Articles

Transforming lives through e-solutions (en)

5 juillet 2016
ITC Nouvelles

Ever since the World Wide Web was conceived at CERN on the Franco- Swiss border and released into the public domain in 1993, the internet has continued to spin out new opportunities for information and commerce. News has become instant, we can stream films and music, and in many parts of the world we can buy whatever we want from online retailers.

Online retailing – or e-commerce – has become a huge market, with global business-to-consumer (B2C) transactions expected to total more than US$ 1.5 trillion in 2016. The global business-to-business (B2B) e-commerce market is even bigger, and is expected to be worth close to US$7 trillion by 2020.

While some of the most celebrated e-commerce successes are based in developed countries, companies in developing countries are rapidly catching up. Alibaba, the Chinese online retailing giant, was founded just over a decade ago and is today eclipsing many of the traditional online retailers in terms of sales (see pages 16-17).

In all developing countries, e-commerce holds tremendous promise for spurring economic growth and creating new opportunities. One only has to look at how Rwanda is working to create digital platforms to market and sell products ‘made in Rwanda’ to understand that the size of economy of landlocked countries need not hinder moving in the direction of digital solutions. By 2018, Latin America B2B e-commerce is expected to grow to around US$ 90 billion and Africa’s B2C e-commerce market is destined to hit US$ 50 billion. Despite those figures, Latin America’s is just over 4%, and Africa’s share of the global e-commerce market is estimated to be well below 2% suggesting there is a vast untapped potential in this area.

The International Trade Centre’s (ITC) work in this area addresses the policy dimensions of e-commerce, the infrastructure needed to make the digital economy work, and supporting on the ground e-solutions transactions. E-commerce – B2C and B2B – will play a key role in eliminating poverty and achieving Goal 1 of the 2030 Agenda for Sustainable Development. E-commerce makes it easier for small and medium-sized enterprises (SMEs) in developing countries to trade across borders.

Easier, however, does not equal perfect. Many challenges remain. A recent ITC report, Bringing SMEs onto the e-Commerce Highway, identified four major challenges for developing countries to succeed in the world of online retail: establishing an online presence for business, international e-payments, international delivery and after-sale services.

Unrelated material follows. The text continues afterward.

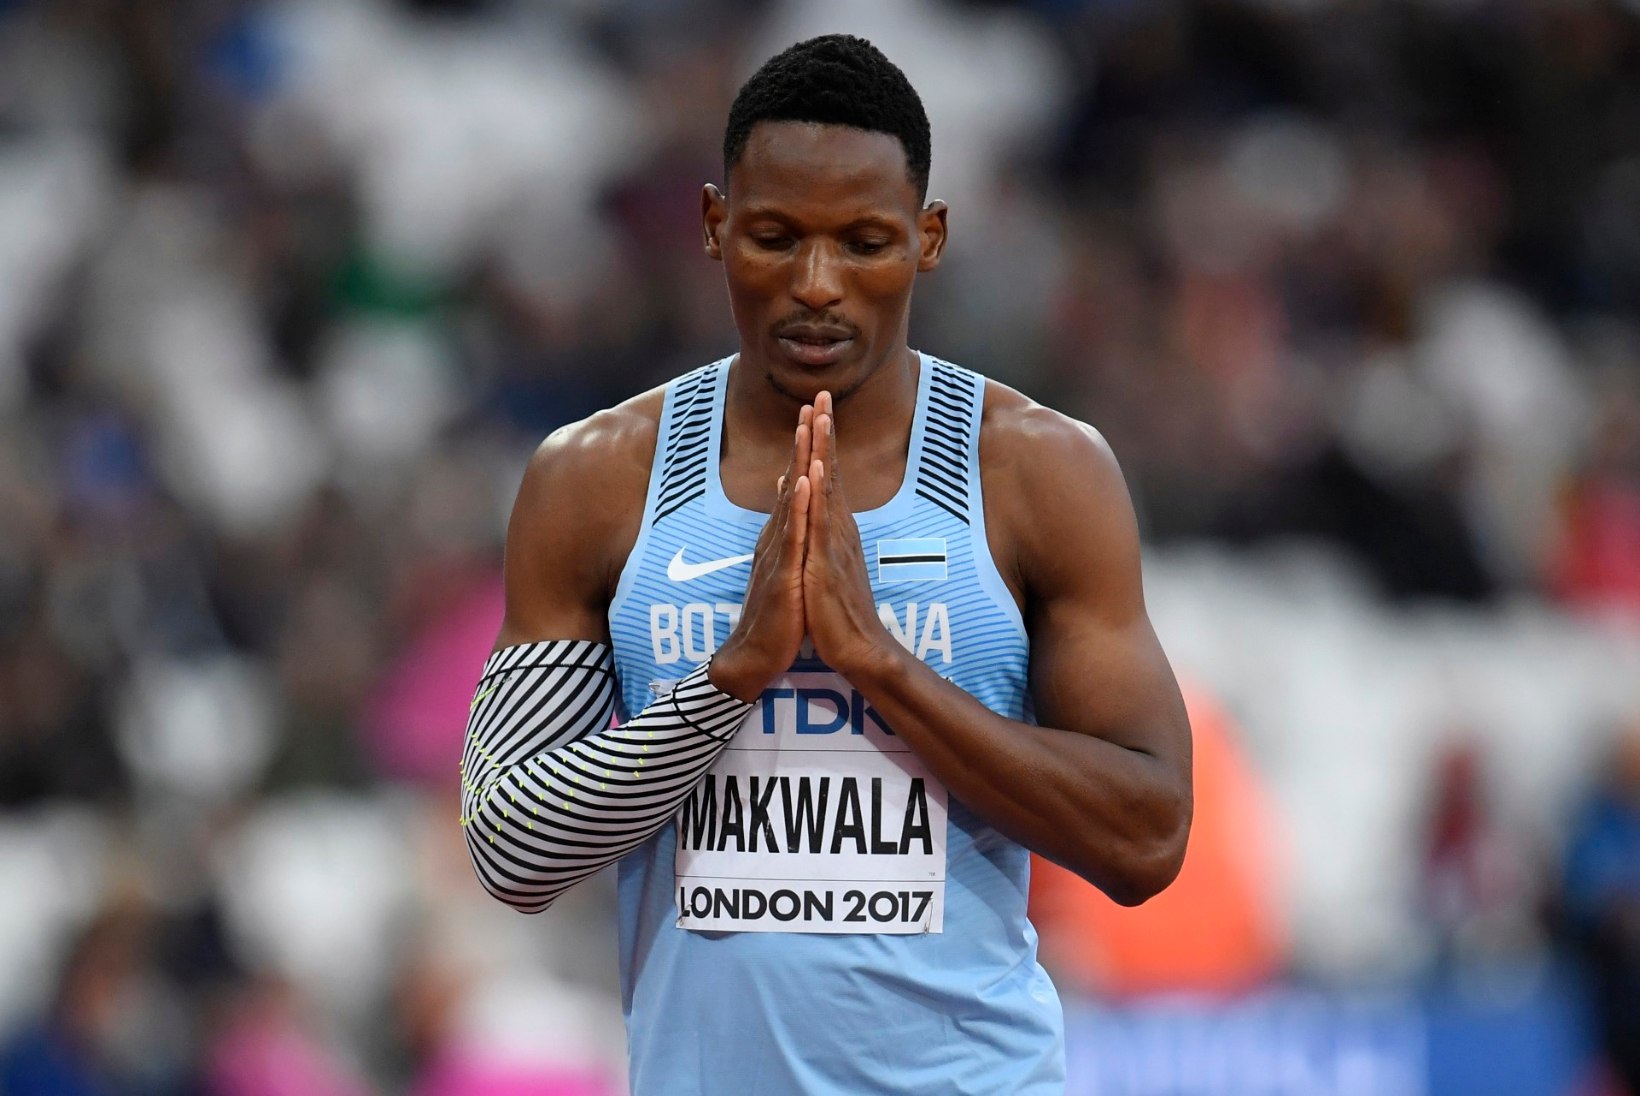 ÕL LONDONIS | GALERII: Olematu kõhuviiruse seljatanud Makwala murdis 200 m jooksus poolfinaali

To help developing countries and their SMEs improve their e-commerce capacities, ITC has teamed up with a range of partners, including large players such as eBay and DHL, as well as smaller specialised firms in related fields, such as legal advisory services. In the past year we organized a series of pop-up stores – dubbed e-Com Souks – in Switzerland and Rwanda to raise awareness about goods made in developing countries such as Cote d’Ivoire, Ethiopia, Morocco, Senegal and Syria (see page 31-32). And at the end of June, we organized an e-Commerce Caravan that travelled from these countries to Geneva and Zurich.

A major challenge is to overcome the complexities of handling duties and taxes and complying with local fiscal and legal

conditions: all of which appears at first highly opaque and beyond the capacity of small firms operating out of developing countries. And yet once these compliance issues are solved the world of e-commerce begins to open up: financial transactions become easier and accounts can be opened on the world’s biggest marketplaces.

Through this exercise we are building trust between potential buyers and sellers. By allowing people to touch, feel and taste products, and confirm they are of high quality, these customers and sellers become ambassadors for greater online trade from developing countries.

Step by step, we are tapping the potential of e-commerce to ensure that SMEs in developing countries can play a greater part in this sea-change in global commerce.

Bringing developing country SMEs onto the e-commerce highway will also speed up development and bring us closer to eliminating poverty.